## Entries shown
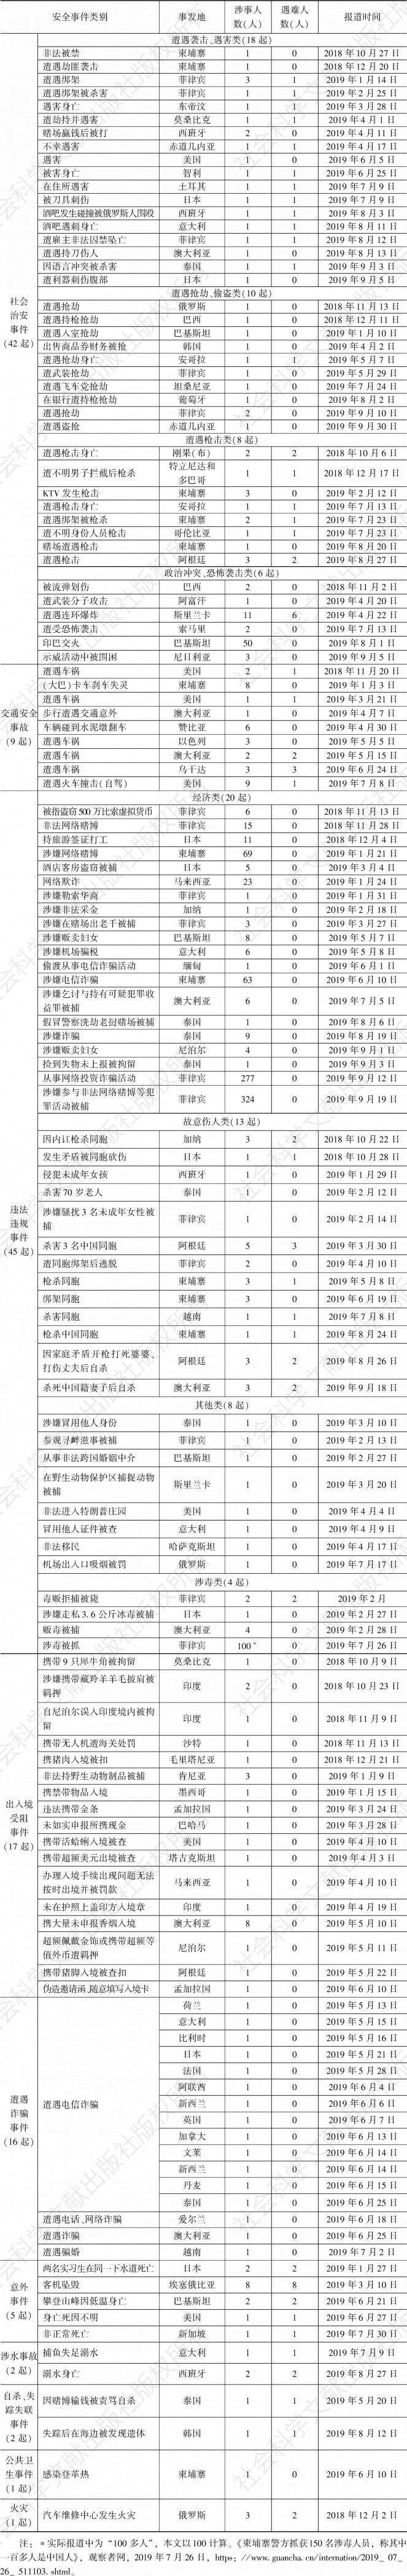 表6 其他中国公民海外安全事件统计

...

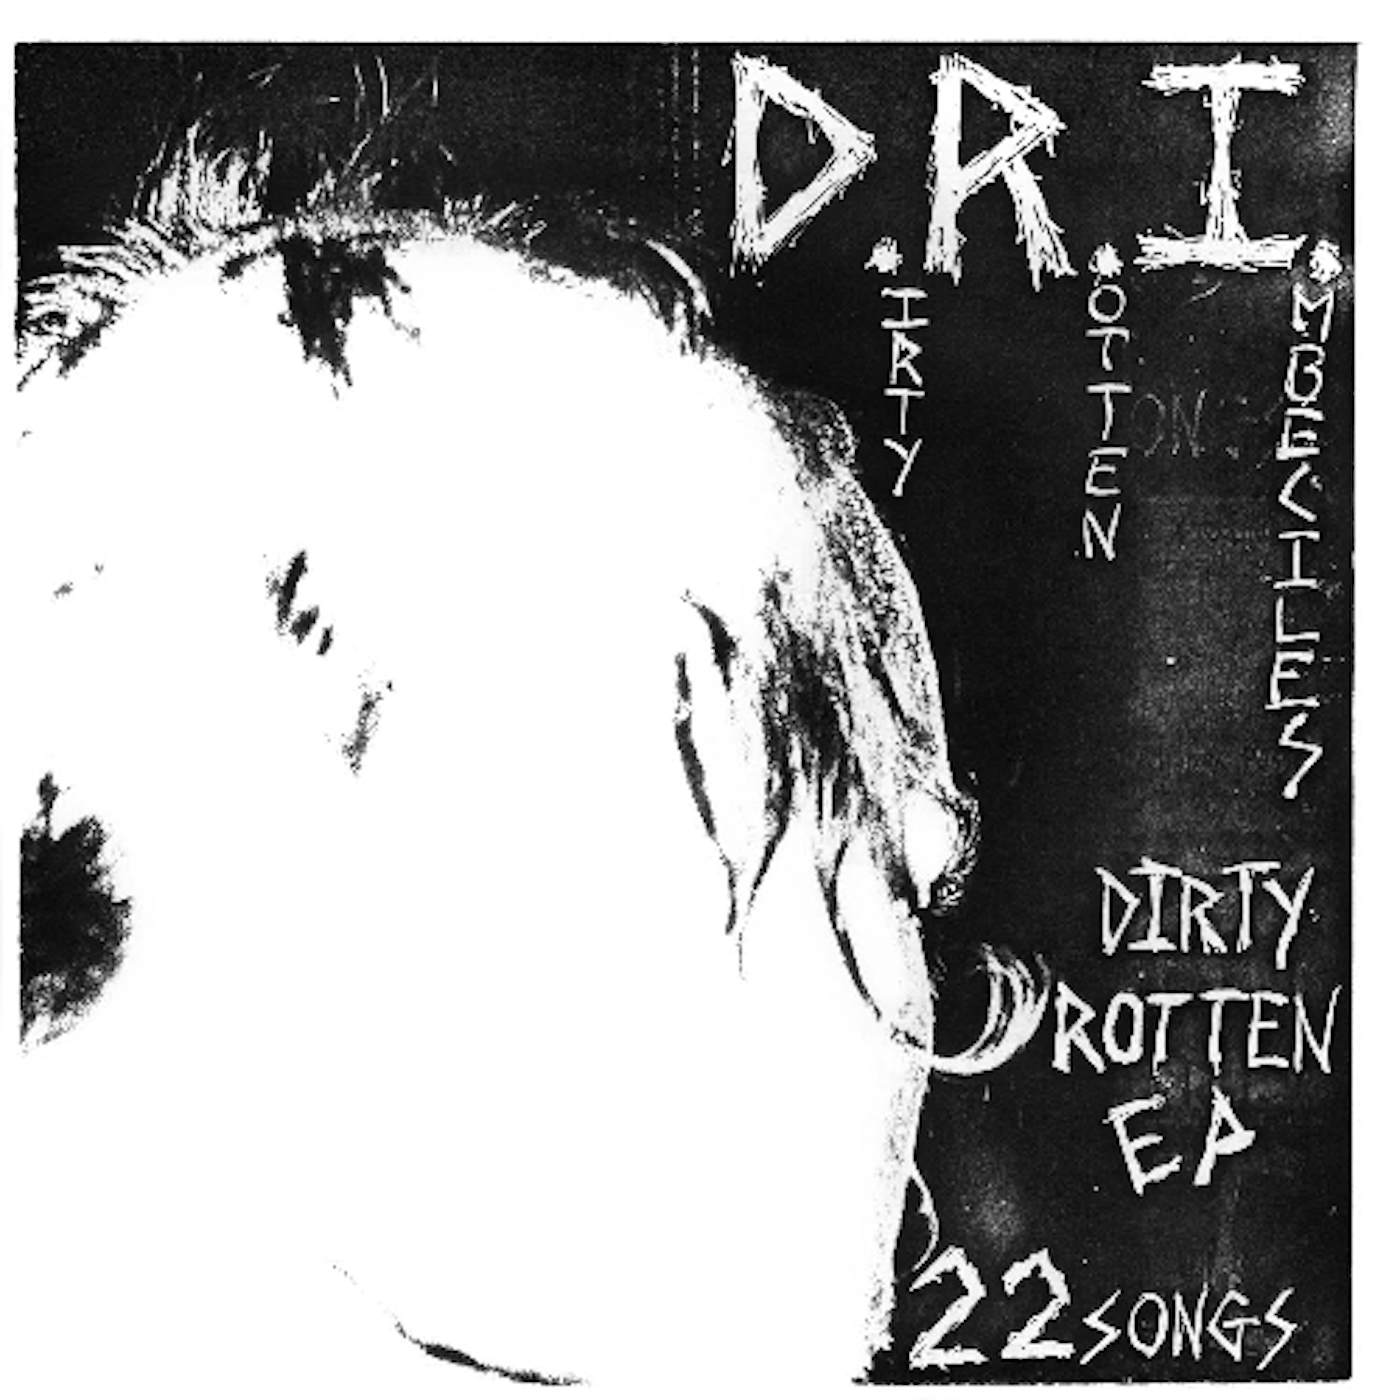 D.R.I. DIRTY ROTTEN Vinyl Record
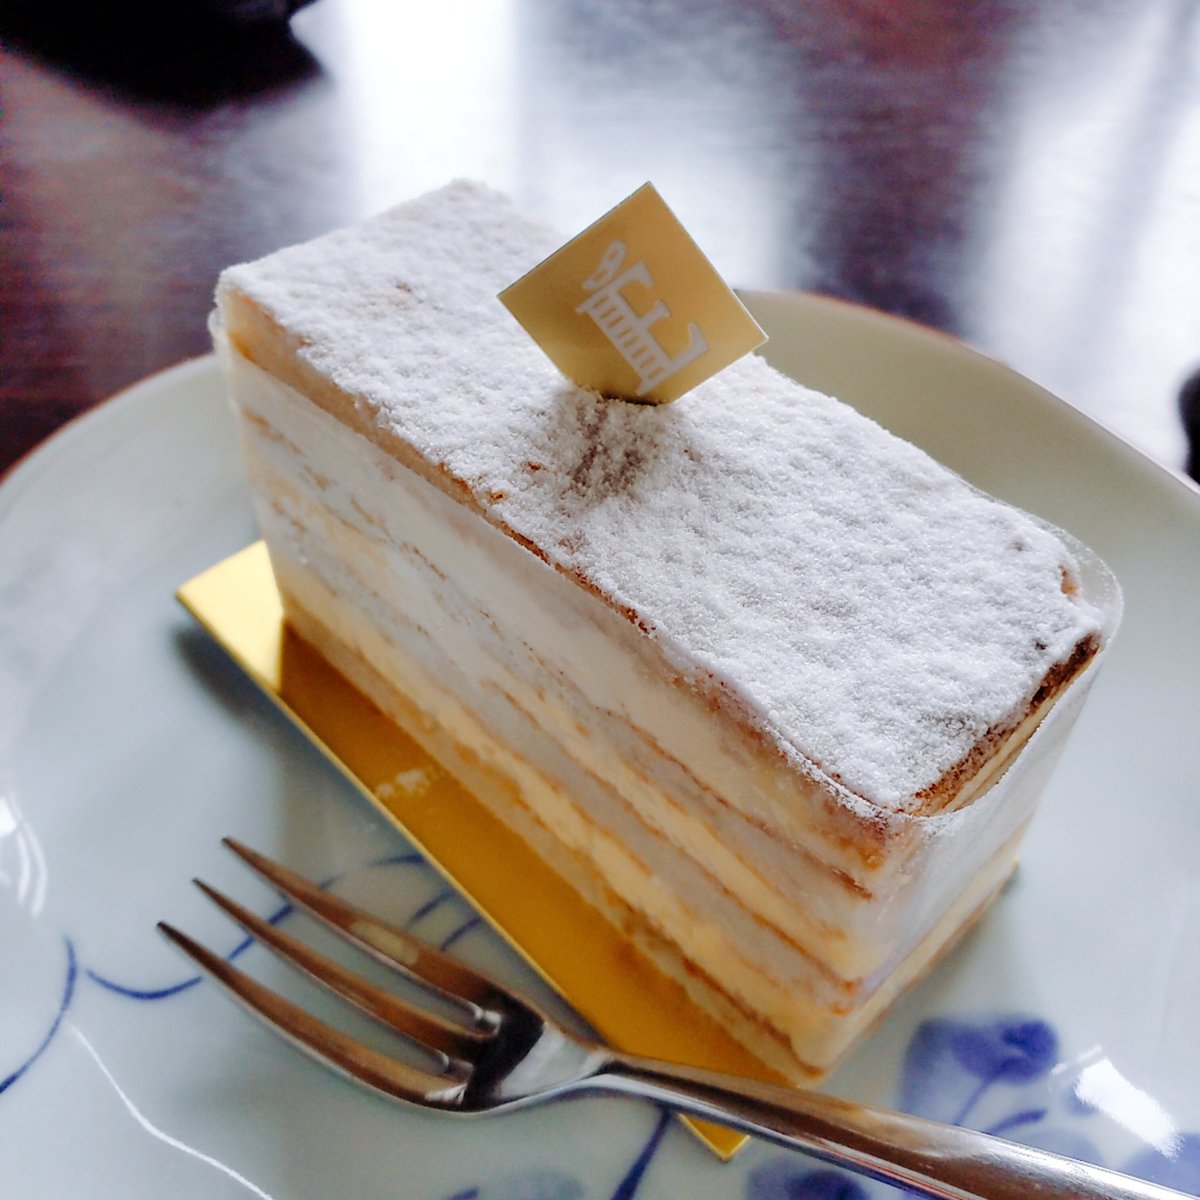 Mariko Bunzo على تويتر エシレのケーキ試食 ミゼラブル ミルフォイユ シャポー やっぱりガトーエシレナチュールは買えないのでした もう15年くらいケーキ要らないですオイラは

* * *

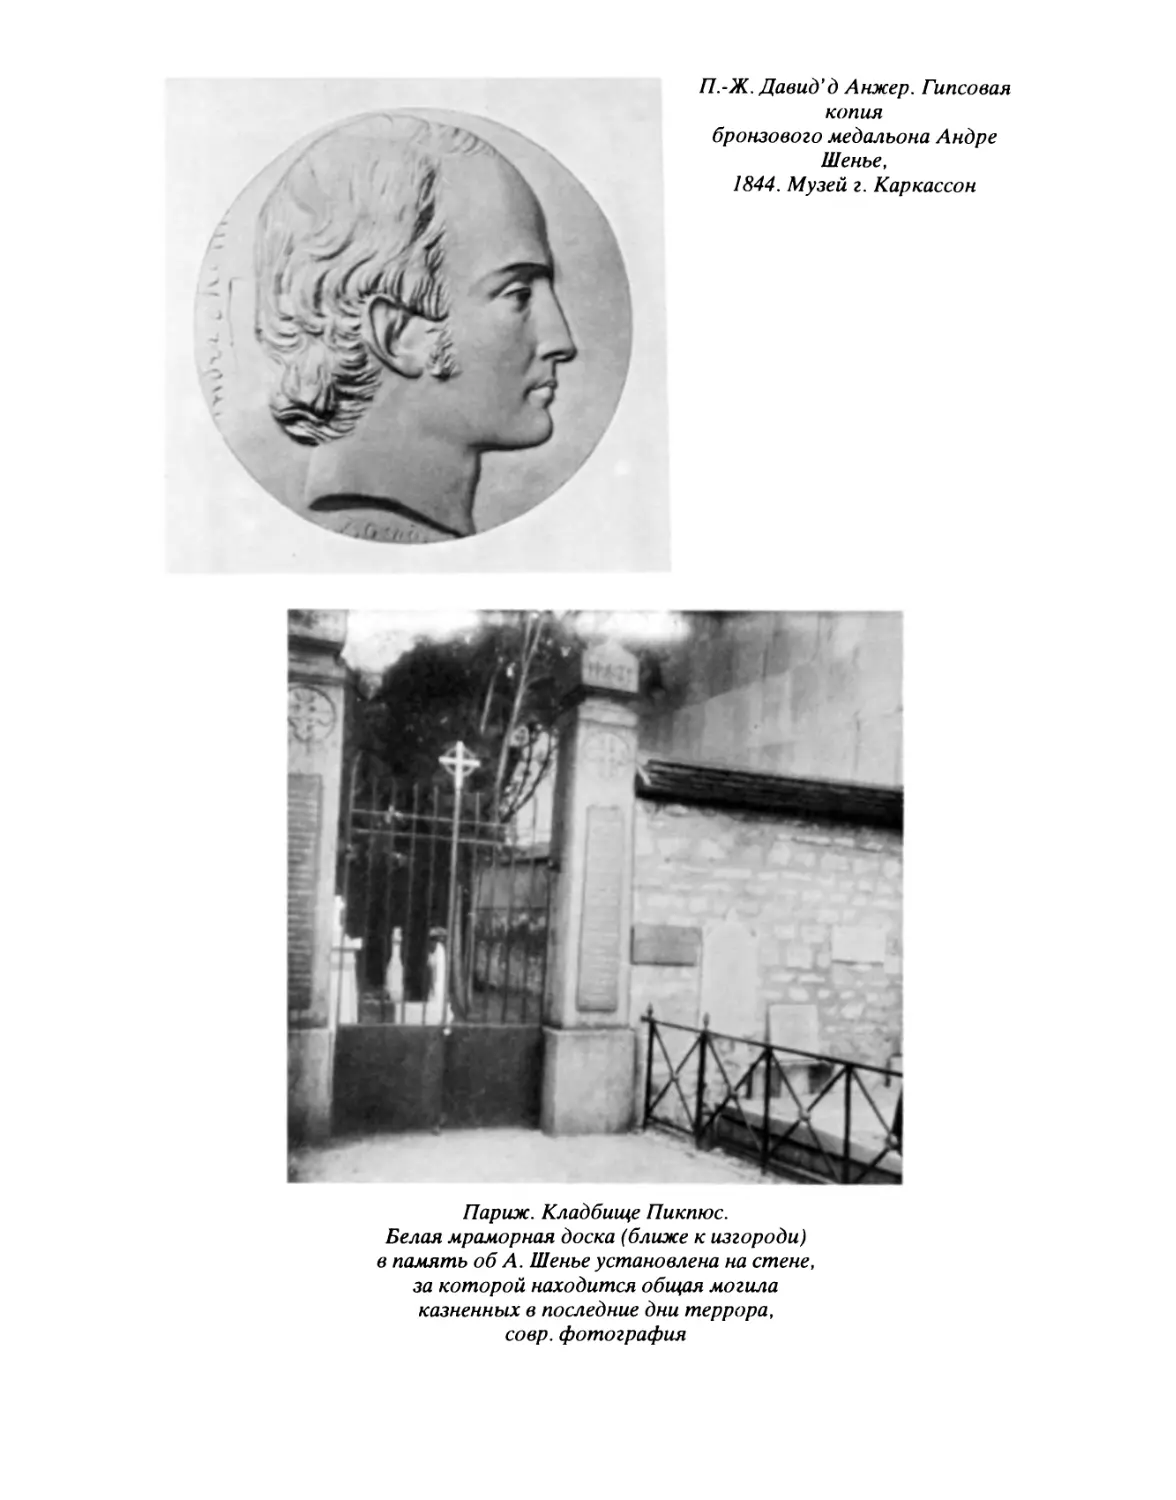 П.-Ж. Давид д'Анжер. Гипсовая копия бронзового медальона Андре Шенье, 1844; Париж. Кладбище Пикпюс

## Assignment
Above are some records; quote exactly and only the lines that begin at the line containing "D.R.I. DIRTY ROTTEN Vinyl Record" and stop after the line containing "Mariko Bunzo على", leaving out the pictures.

## Response
 D.R.I. DIRTY ROTTEN Vinyl Record
 Mariko Bunzo على تويتر エシレのケーキ試食 ミゼラブル ミルフォイユ シャポー やっぱりガトーエシレナチュールは買えないのでした もう15年くらいケーキ要らないですオイラは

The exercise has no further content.